I was just curious if anyone has any input on the TiCA TC3 fly rods? I was looking at the 7/8wt model online for a steelhead rod. Any input is appreciated. Thanks.


----------



## Intracoastal (Sep 12, 2009)

I was looking at Tica rods a while back when I was first starting in fly fishing. It seemed like people were divided into two camps in their feedback--a) ppl that hate Tica, and b) those who are fine with them. What was missing was a contingent of folks who love Tica. Because I never came across such opinions, I decided against purchasing one. 

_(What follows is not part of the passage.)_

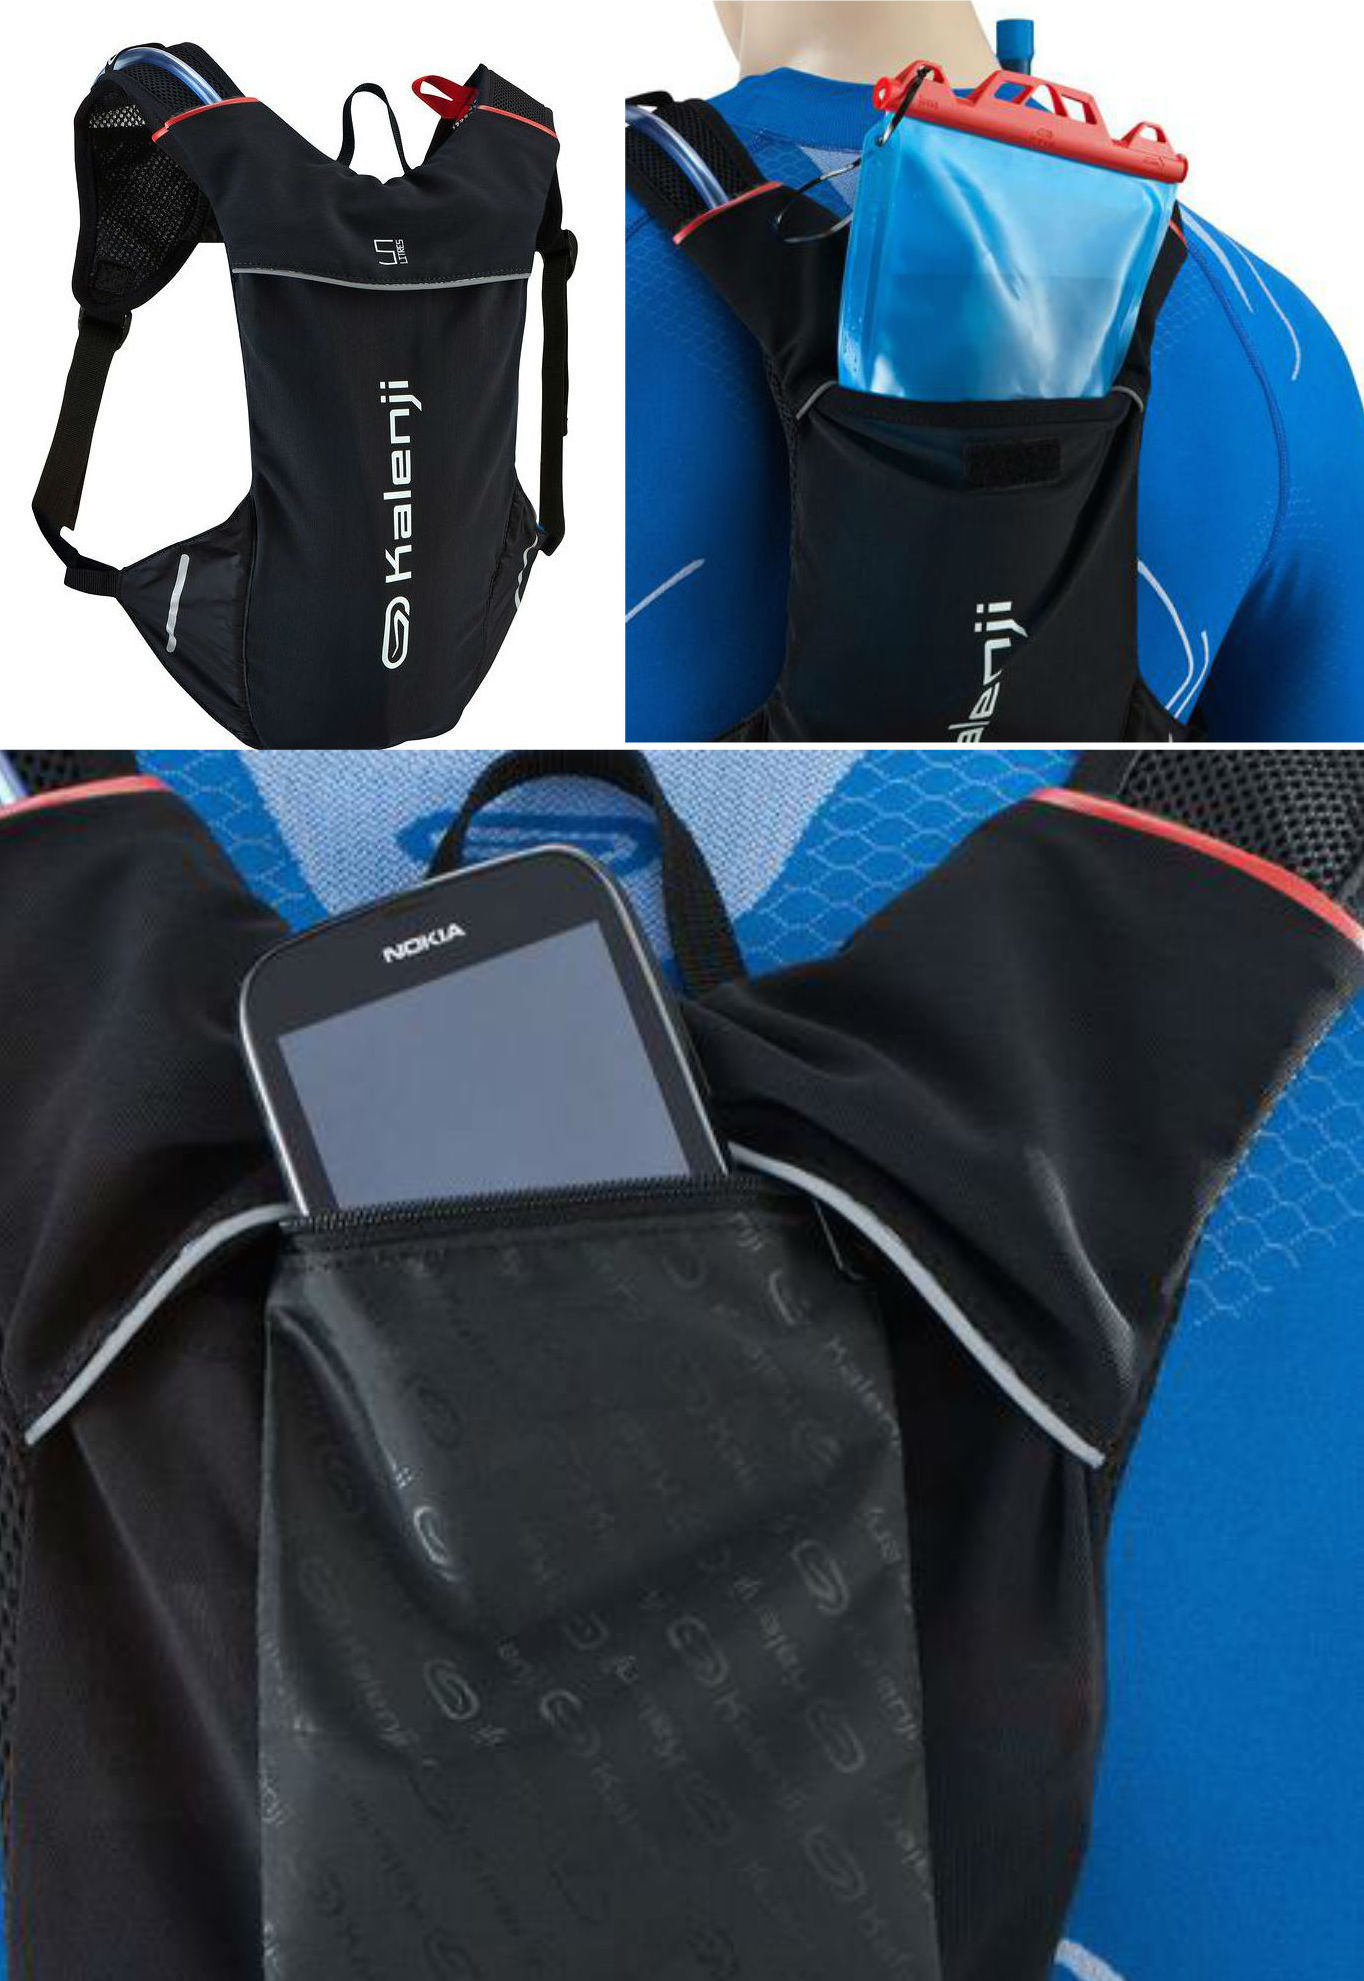 Обзор не гаджета. Выбираем лучший чехол для тренировок и другие аксессуары для смартфонов: повязки, сумки и силиконовый карман Adidas - 10

On the other hand, if you are just getting into fly fishing for steelies or other fish requiring 7wt or 8wt--and depending on the price--the rod you are contemplating may be a worthy entry point for you into this fishery. Otherwise, you might save up and go for more reputable brand (TFO, St Croix, etc.)

Check out online reviews of the rod. Look at the action, length, and materials and compare them to other steelhead rods. Usually 9' is the minimum length for steelhead fly rods, with many preferring 9'6" or 10'. I am curious as to what other OGF-ers have to say on this...I apologize for my second-hand opinion without first hand experience.


----------